I just don’t think that’s a fair transition. I agree completely that very few people (maybe no one) were free of class prejudice in Georgian England. (But then, the same is probably true of modern America.) But unless you’re going to argue we should get rid of social class altogether and redistribute the wealth, which this author doesn’t seem to be doing, saying that having servants was unprogressive seems to me to completely ignore the reality of 18th (and 19th) century life.
1. They didn’t have vacuum cleaners, dishwashers, washing machines, microwaves, sewing machines, central heating, food processors, electric lighting, or much in the way of processed/prepared food.
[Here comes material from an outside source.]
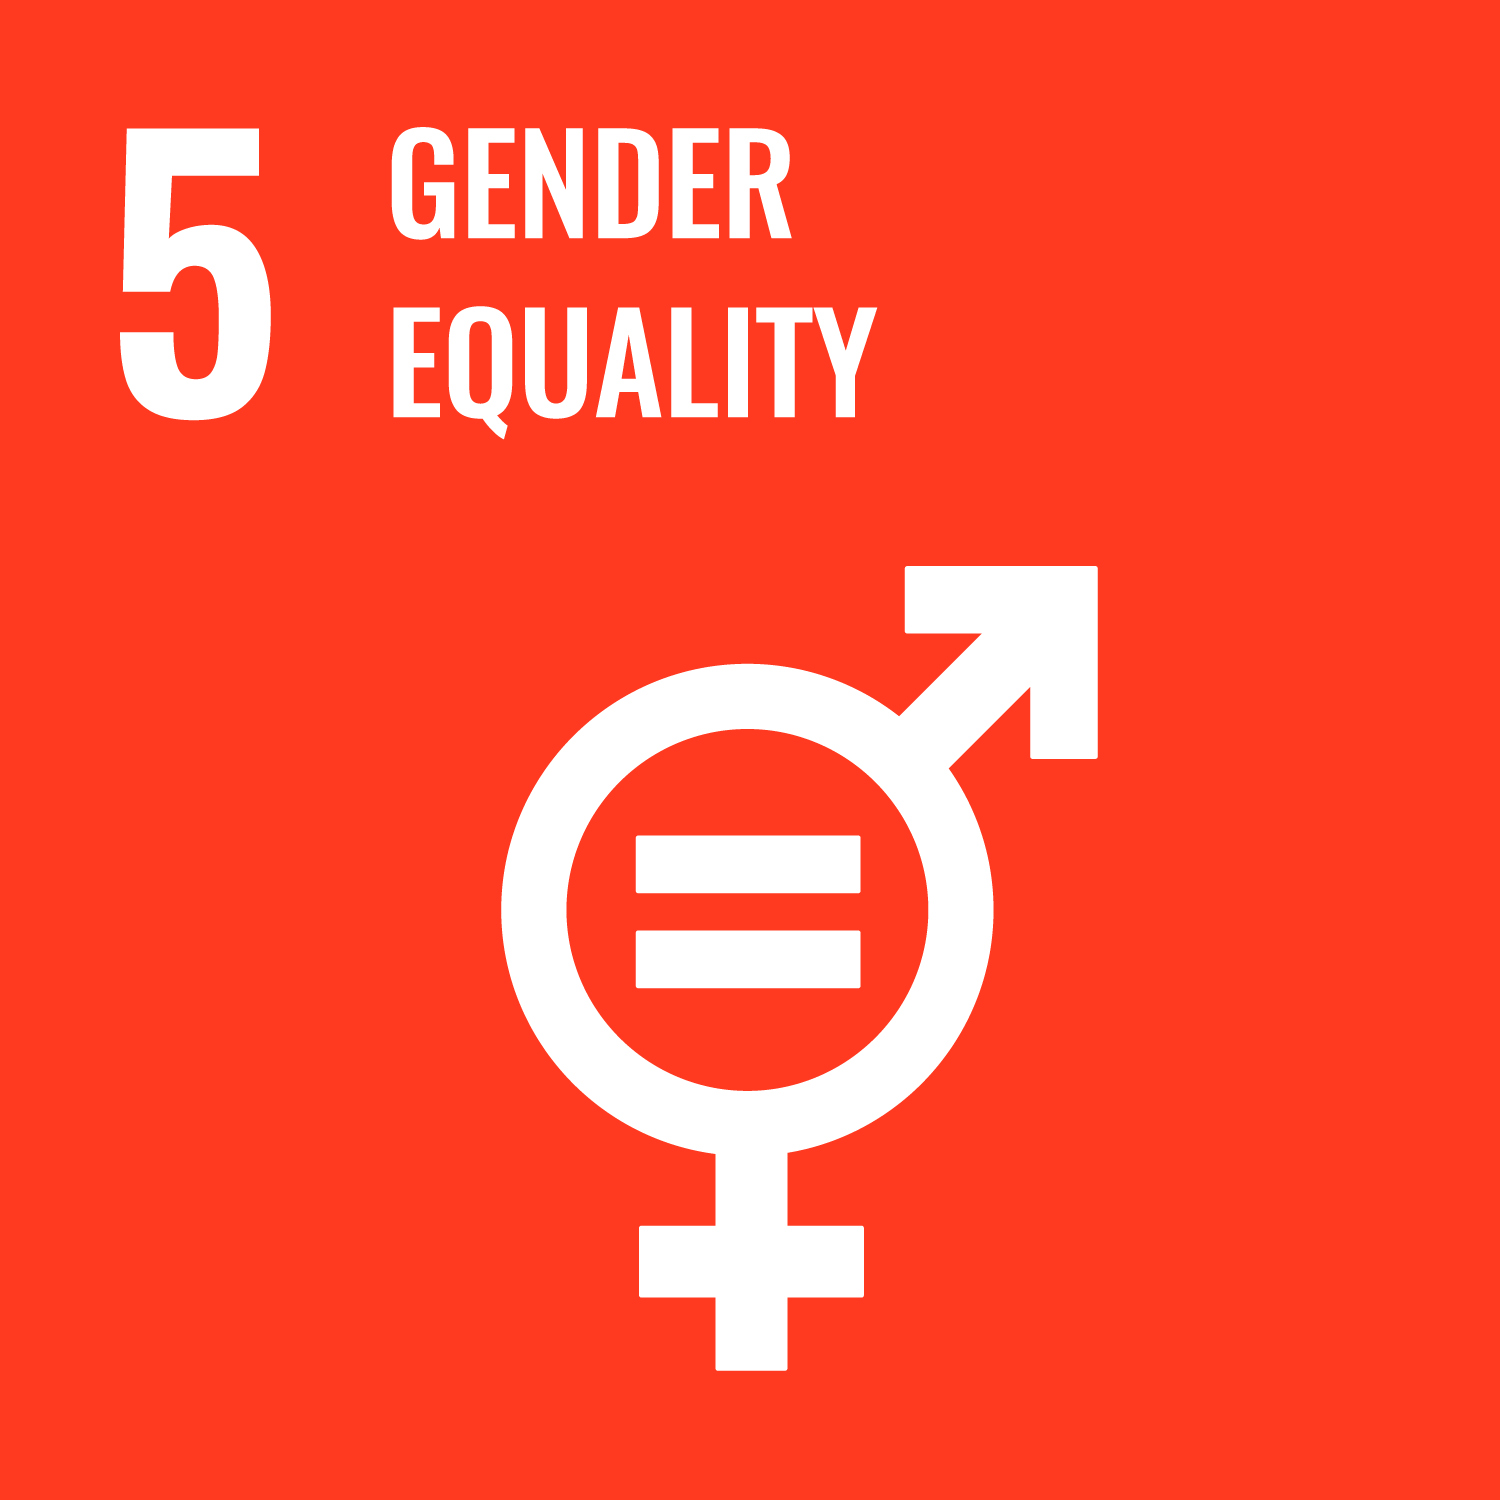 Regional Cooperation as an Effective Tool in Advancing Gender Equality

Very, very few people had any kind of indoor plumbing.
Maintaining even a small middle-class family home was a full-time job for more than one person. Doing without servants entirely would have meant turning the women of the household into unpaid drudges who worked every minute they weren’t sleeping and slept five hours a night. How progressive!
Even women who had servants spent huge amounts of time in household chores. Even the Lucas girls in Pride and Prejudice (a VERY upper-middle-class home, with presumably more servants than most) helped in the kitchen (or so Mrs. Bennet says with some degree of plausibility, even if she’s being catty).
2. Domestic service was a huge part of the economy. Not employing servants meant depriving working-class people of jobs without, as far as I can see, empowering them in the slightest.
3. There’s no connection between employing servants or not and supporting mass education or not. Servants can go to school as children just like anyone else.
Anyway. Sorry, awesome biography author! I do love your book.